We know almost everything about Tier 1 and Tier 2 special forces, but what is Tier 3? Since Operation Neptune Spear (Osama bin Laden raid), the United States has gone bonkers for US Navy SEALs and Military Special Operations Forces. Three different tiers classify units unofficially in the United States military special operations forces hierarchy.
Because there is no official US Military system that ranks the US Special Operations units in the United States by their effectiveness, missions, capabilities, training, or security level. This would include using “Tier” in such a non-existence ranking system. DoD manual on Terms does not have a Tier system for the ranking list.
The Tier system was designed by JSOC (Joint Special Operations Command). Some information suggests that Tiers are also classified by the funding they get. Tier 1 receives the most, then Tier 2, etc. However, today people associate Tier level with unit prestige and skill. Tier 1 units are more prestigious than Tier 2 or 3 units, but that’s not technically how it works.

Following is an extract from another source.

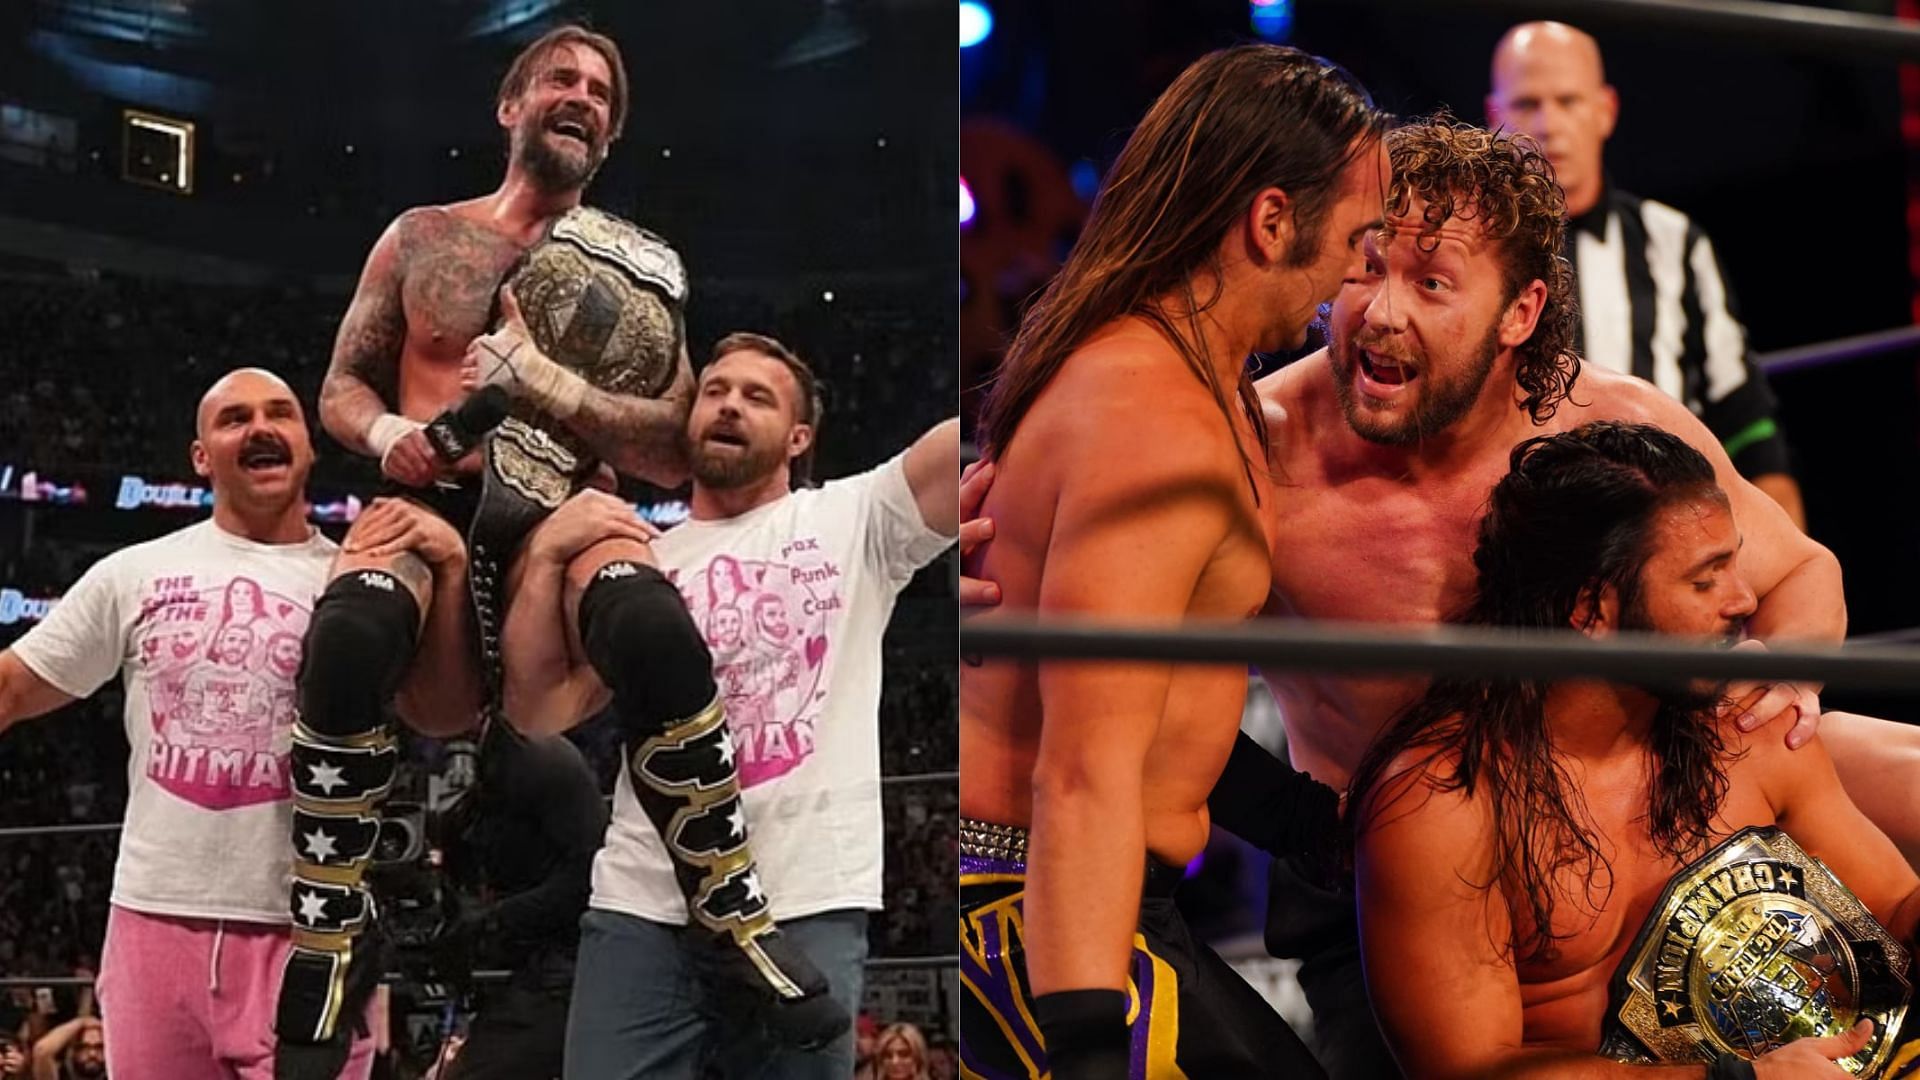 Could the two factions come clashing in AEW soon?

Tier 3 forces are considered significant and conventional warfare units. This level has the most people and the lowest amount of funding compared to the levels below it (visually speaking). Their training also tends to be more “basic” when compared to Tier 2 and Tier 1 units.
Tier 3 units
Tier 3 can also be called “White” and comprise more prominent infantry support elements. These are not special forces units but provide broad manpower support for large-scale engagements. Some examples are:
- US Army’s 10th Mountain Division
- 82nd Airborne Division
- 101st Airborne Division
- Marine Corps Recon Battalions
- Force Recon Companies
- Navy Riverine
- Air Force 142d Fighter Wing
- 147th Reconnaissance Wing
Tier 3 is the “hammer” in the “Hammer and Scalpel” analogy.